For example, The NT says to hate your mother and father. Now I understand the difference context makes, and that passage is in relation to Christ, but it still does not elevate family. Other passaged however do elevate family. It requires a lot of cherry picking for me.
The Trinity has Persons with family names > Father and Son.
My personal take about "hating" my mother and father is this means for me to get rid of anything in me which is a selfish personality way that I picked up from my parents. But there are good things I have gained because of my parents, and I would say Jesus does not mean for me to get rid of these. But do make good use of things. And do not put pride in things which can be good, but humble it all.
"Hate" might mean, then, to humble myself with all I have gotten through my parents. I think of this, right now.
So . . . thank you for making me think, this early in the morning lololololololol
1 Timothy 3:1-10 to me means God wants an experienced family man to be a pastor. His seminary has been his home, his wife his main professor to help him find out how to love and care for people, in God's family caring and sharing way.
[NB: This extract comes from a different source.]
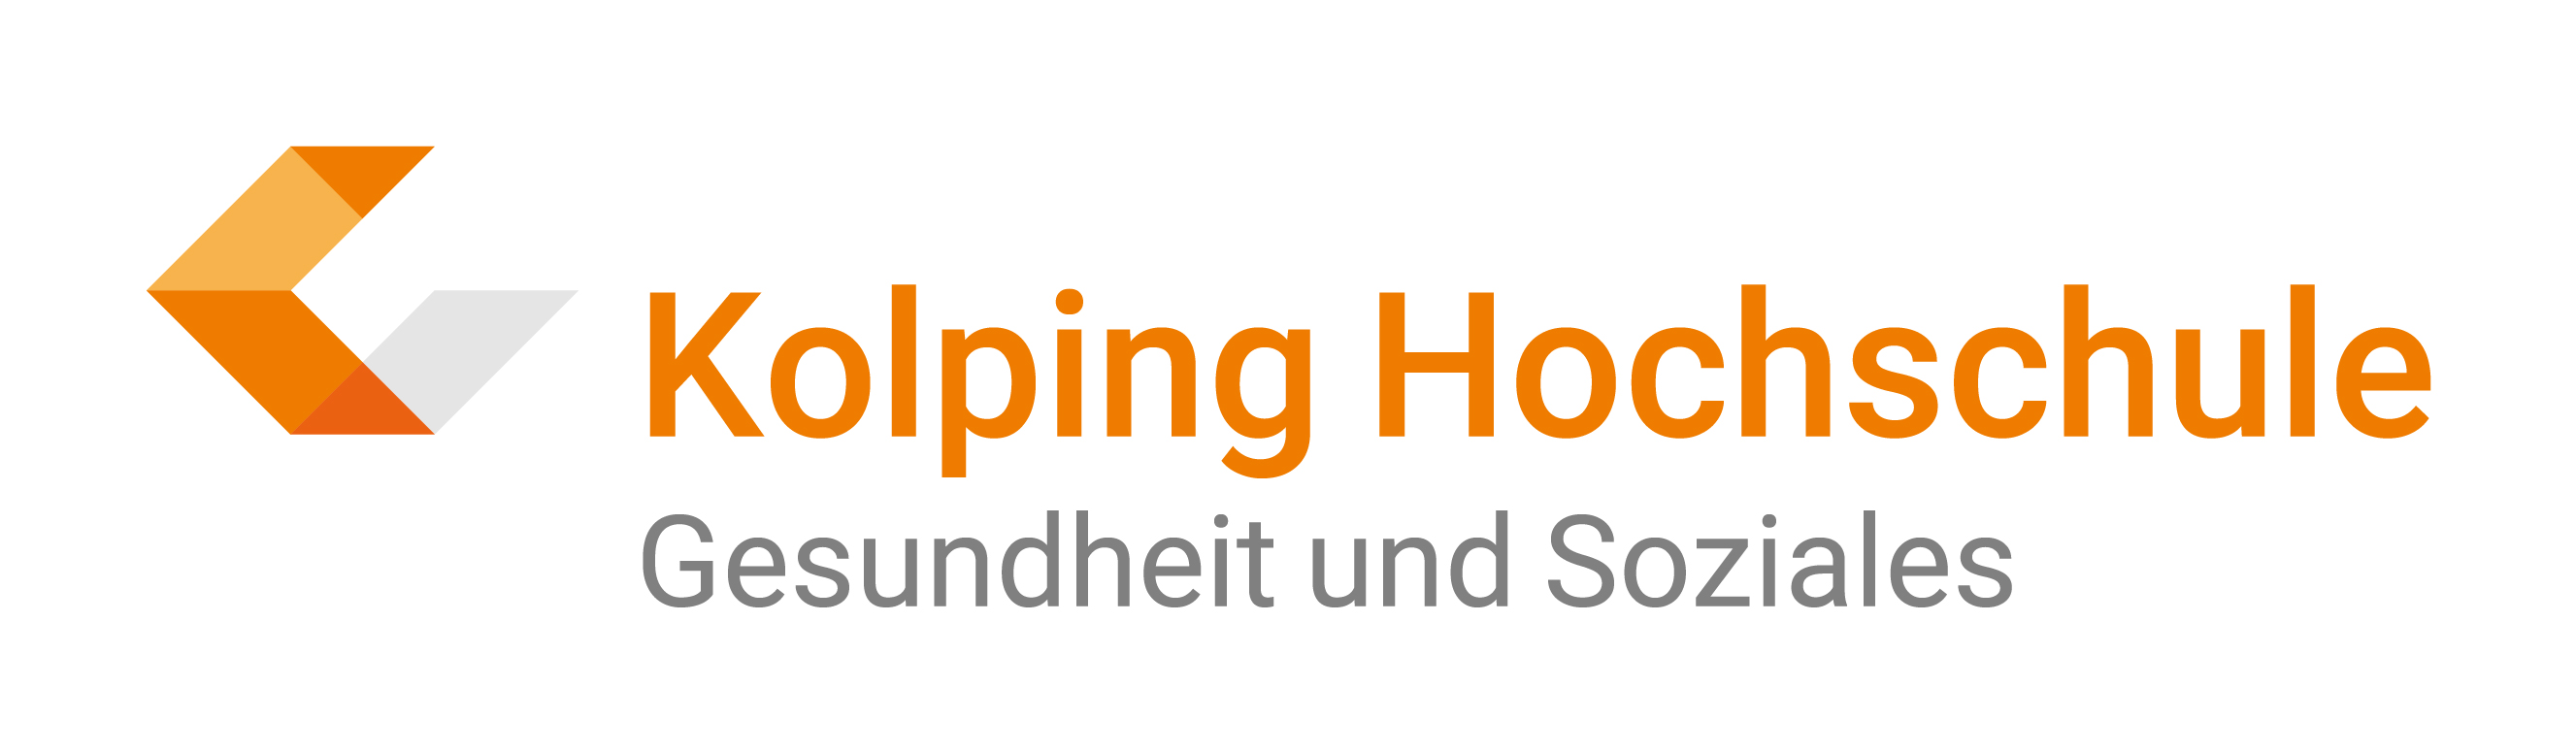 Kolping Hochschule für Gesundheit und Soziales Logo
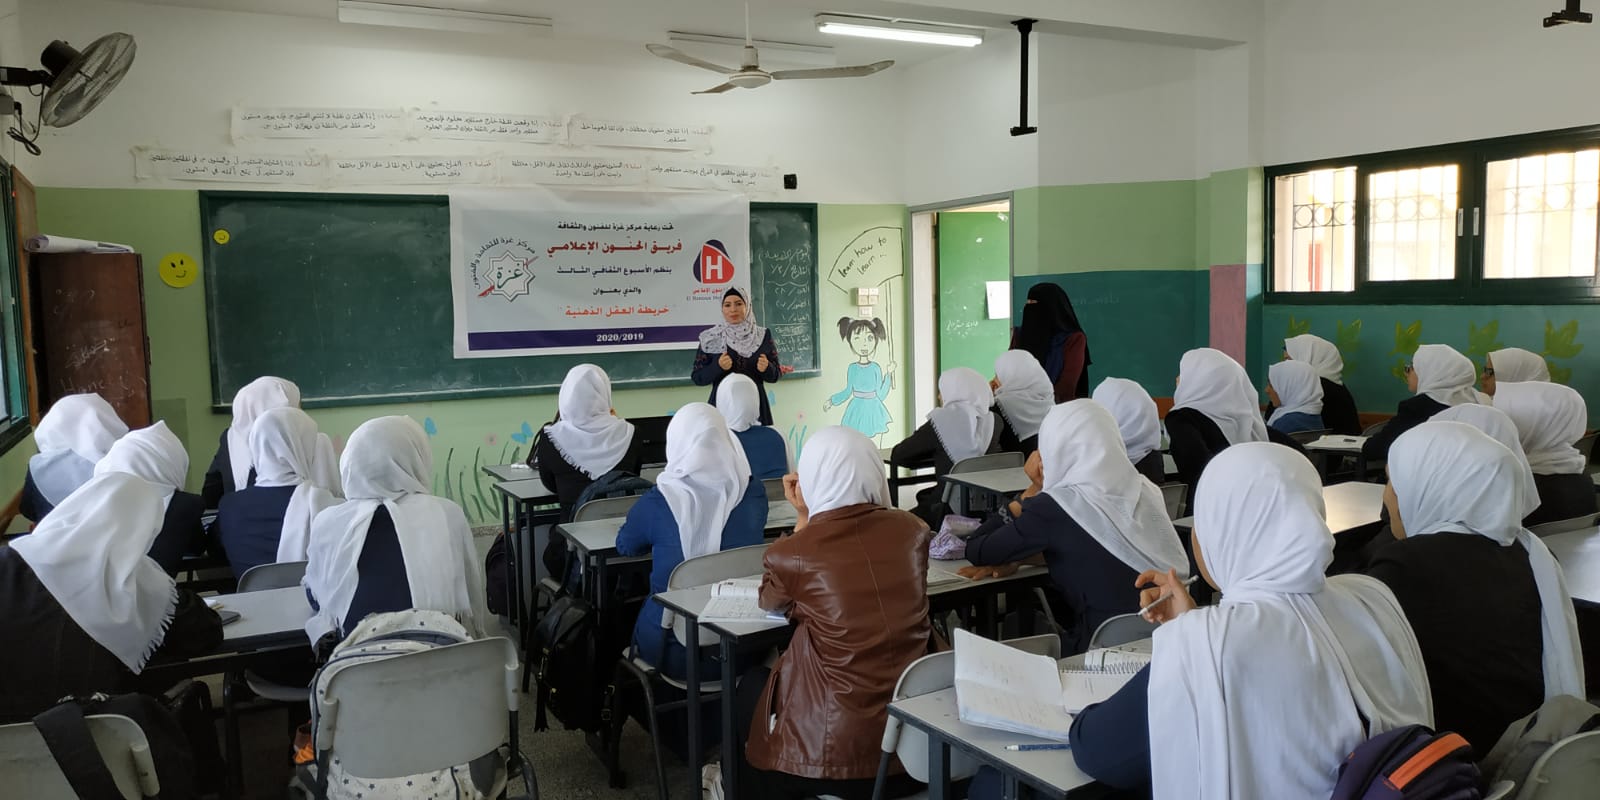 التعليم : هناك توجهاً لعودة التعليم الوجاهي بشكل كامل في غزة

Our Apostle Paul has given these standards.
But, of course, ones claim Paul is anti-woman. But I will offer 1 Thessalonians 2:7 which says Paul and Silvanus and Timothy related with the Thessalonians
"just as a nursing mother cherishes her own children." So, from this I can see how maybe these great men learned how to love with the help of Christian women and how they took care of their children.
Now I think of this > Jesus says,
"if you love those who love you, what reward have you?" in Matthew 5:46.
We humans can have a way of only loving those we can use and possess. Families, then, can be little in-crowds so they do not love any and all people the way God wants. But Jesus wants us to become all-loving and ready to adopt others who have trusted in Jesus, so we can help each other grow in how God has us loving. So, hating our own family members can mean we stop loving them in our selfish way and possessive and exclusive ways, but love them along with any and all people, as ourselves.
With Jesus, we adopt and discover others who are with God our Father, and these are our brothers and sisters, in His love family all-loving, not only loyal to a few others and maybe with some code of silence to cover up wrong things. But we help one another to get rid of wrong things which are anti-all-loving, like can be in families.
In my case, I think my family was white upper-middle class; we were not racist, but I think we had exclusive ways which effected how we related with various people, while my parents had an in-crowd for parties and tennis. And from this I picked up that it was fine to judge women by what they looked like, and I could bully kids who were less popular in school > my parents could talk down about certain people; so I maybe took that further to find it was ok to also bully kids who were talked down upon in school > obviously my parents did not approve of that, but my bullying could have been a step from how they could do things in their conceit . . . something Jesus would mean for me to hate, so I now can see this and invest in becoming more of an all-loving person with more and more adopted love-family people.
And so, Jesus is not really anti-family, but pro-bigger-family!